Prove that a red-black tree with $n$ internal nodes has height at most $2\lg(n+1)$

Question

I cannot understand the first paragraph of the proof, which comes from the known book Introduction to Algorithms, third-edition, and I consider it has some errors, could anyone help me check about it?

Possible errors:

1. It first prove the case $\text{height(x)=0},$ then it says "For inductive steps, consider a node $x$ that has positive height".

   From my understanding of inductive proof, the base case should be able to trigger the inductive statement. I mean: the "first domino" should trigger the next one, so the statement should be something like non-negative height.

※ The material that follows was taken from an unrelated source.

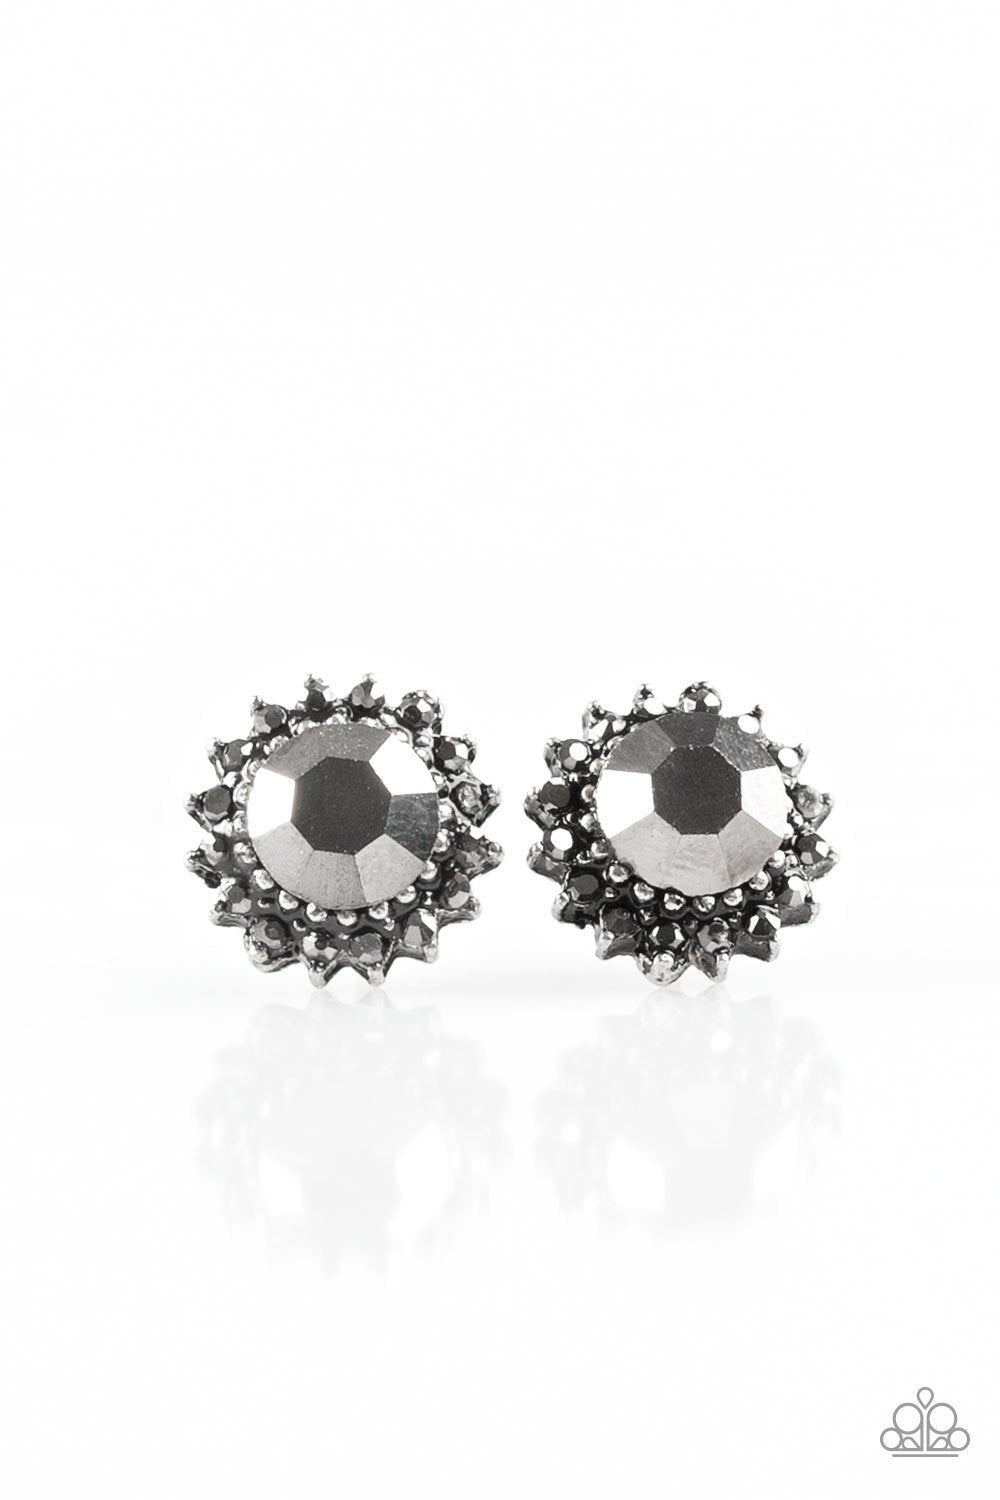 Away We Glow Black Hematite Post Earrings - Paparazzi Accessories-CarasShop.com - $5 Jewelry by Cara Jewels

2. It says "each child has a black-height of either $\text{bh}(x)$ or $\text{bh}(x)-1$", but when applying, only the latter is used: $(2^{\text{bh}(x)-1}-1)+(2^{\text{bh}(x)-1}-1)+1=2^{\text{bh}(x)}-1$.

---

Paragraph from the book:

Answer 1

There is no error.

1. When we consider a node $x$ of height $n$, say, in the induction step, our induction hypothesis is that the result is true for all nodes having height less than $n$. Thus, every node considered after the base case of height $0$ does have positive height: saying that we’re considering a node $x$ that has positive height is merely saying that we’re considering a node that isn’t part of the base case. If $x$ has height $1$, we’re just assuming the result for nodes of height $0$, and we’ve already proved that the result holds for them. If $x$ has height $2$, we’re assuming the result for nodes of height $0$ and $1$, and so on. This is just an instance of what is sometimes called strong (or complete) induction.
2. First, there is no harm in failing to use information if that information is not needed for the argument. However, in this case all of the information is used. First, we note that each child of $x$ has height less than $x$, so the induction hypothesis says that if $y$ is a child of $x$, the result is true for the subtree rooted at $y$: it contains at least $2^{\operatorname{bh}(y)}-1$ internal nodes. If $y$ is red, $\operatorname{bh}(y)=\operatorname{bh}(x)$, and the subtree rooted at $y$ contains at least $2^{\operatorname{bh}(x)}-1$ internal nodes. If $y$ is black, $\operatorname{bh}(y)=\operatorname{bh}(x)-1$, and the subtree rooted at $y$ contains at least $2^{\operatorname{bh}(x)-1}-1$ internal nodes. In all cases, therefore, the subtree rooted at $y$ contains at least $$\min\left\{2^{\operatorname{bh}(x)}-1,2^{\operatorname{bh}(x)-1}-1\right\}=2^{\operatorname{bh}(x)-1}-1$$ internal nodes, but we needed the information about both possible colors of child in order to establish this bound. We can now conclude that the subtree rooted at $x$ has at least $$\left(2^{\operatorname{bh}(x)-1}-1\right)+\left(2^{\operatorname{bh}(x)-1}-1\right)=2\cdot 2^{\operatorname{bh}(x)-1}-2=2^{\operatorname{bh}(x)}-2$$ internal nodes that are the internal nodes of the two subtrees rooted at the children of node $x$. Finally, node $x$ itself is an internal node of the subtree rooted at $x$ and is not in the subtrees rooted at the children of node $x$, so the subtree rooted at $x$ must in fact have at least $2^{\operatorname{bh}(x)}-2+1=2^{\operatorname{bh}(x)}-1$ internal nodes. This completes the induction step.